Hooray!! The infected pc sent the gmer file through hotmail so I got it to you.

Will go back and work on the dds file; haven't even been able to send in partials other than what I have posted. Obviously I'm not sure what the malware is tagging that bumps off hotmail when it I try to send that file.

Also, still have the Attach text to send and need instructions.

Let me know if you still need either of these before we start, or maybe we can start getting rid of some of this crap, or I should keep working on getting you the full set?

I'm sure I'll be up in the night checking for your instructions.

grensuvs


----------



## grensuvs (Nov 12, 2010)

Just to be complete, remembered that Java is blocked from updating also.

And still getting the "Generic Host Process for Win32 has encountered a problem" message.

All of above began when this malware began.

grensuvs


----------



## grensuvs (Nov 12, 2010)

Hi,

In the interest of giving you as complete a picture as possible, I was looking back on the infected pc to find where I had seen the remnant Symantec file; I don't find them anymore. (Perhaps deleted on a reboot?) 

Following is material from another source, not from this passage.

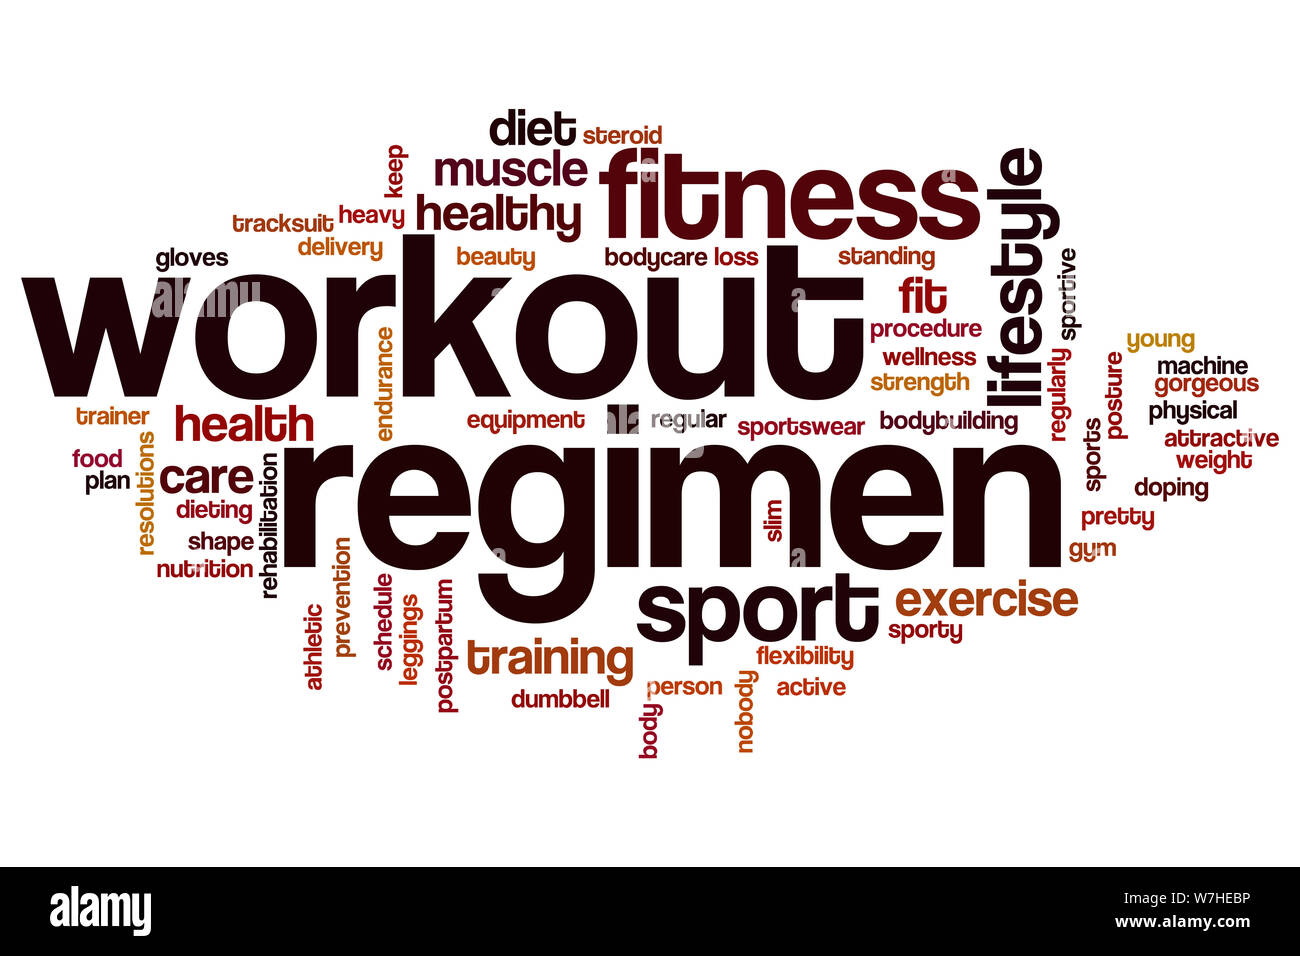 Workout Regimen Word Cloud Concept Stock Photo Alamy

1) Since AV programs can conflict with scanners to solve problems, so thought I'd mention that I found, under Application Data, Winpatrol, with an empty "Vault" folder, and the following files under Winpatrol: autoexec.bat, config.sys, HOSTS, and temp.reg. Under Documents and Settings, there is a housecall6.6 folder with a lot of files. Neither of these show up in Add/Remove Programs or I would have uninstalled them with the other excess AV/anti-malware.

Could you advise how to uninstall if they might be in the way now or later?

2) Microsoft Interactive Training, in Add/Remove programs, has a red slash through a red circle over it.

3) And the pc doesn't produce any sound from any means, or any kind of sound.

There's the full picture as far as I know it.

Thank you in advance!

grensuvs


----------



## grensuvs (Nov 12, 2010)

I know as I read back through my posts that it sounds like this pc has been neglected for awhile; truly, it has not been. It seems like this malware not only dumps from an opened trojan (which the user can't avoid launching once a screen comes up) but, because of the redirect, also goes out a grabs new malware. Or they just don't get removed by typical AV means, and re-group. I hope I'm not overloading you with info, but I don't know what better to do than to provide all the info that I know, so that your detection and resolution can be easier/quicker. --grensuvs


----------



## dvk01 (Dec 14, 2002)

first step

Run tdss killer from http://support.kaspersky.com/viruses/solutions?qid=208280684

post back with its log

you might have to download it to another computer & then transfer it over by using a usb stick as the kaspersky site might be blovked by this malware rootkit


----------



## grensuvs (Nov 12, 2010)

I'm working on getting your log. Connected with the Kaspersky site OK; I think it does it the first time with these kinds of sites--seems like when you go back, it's blocked.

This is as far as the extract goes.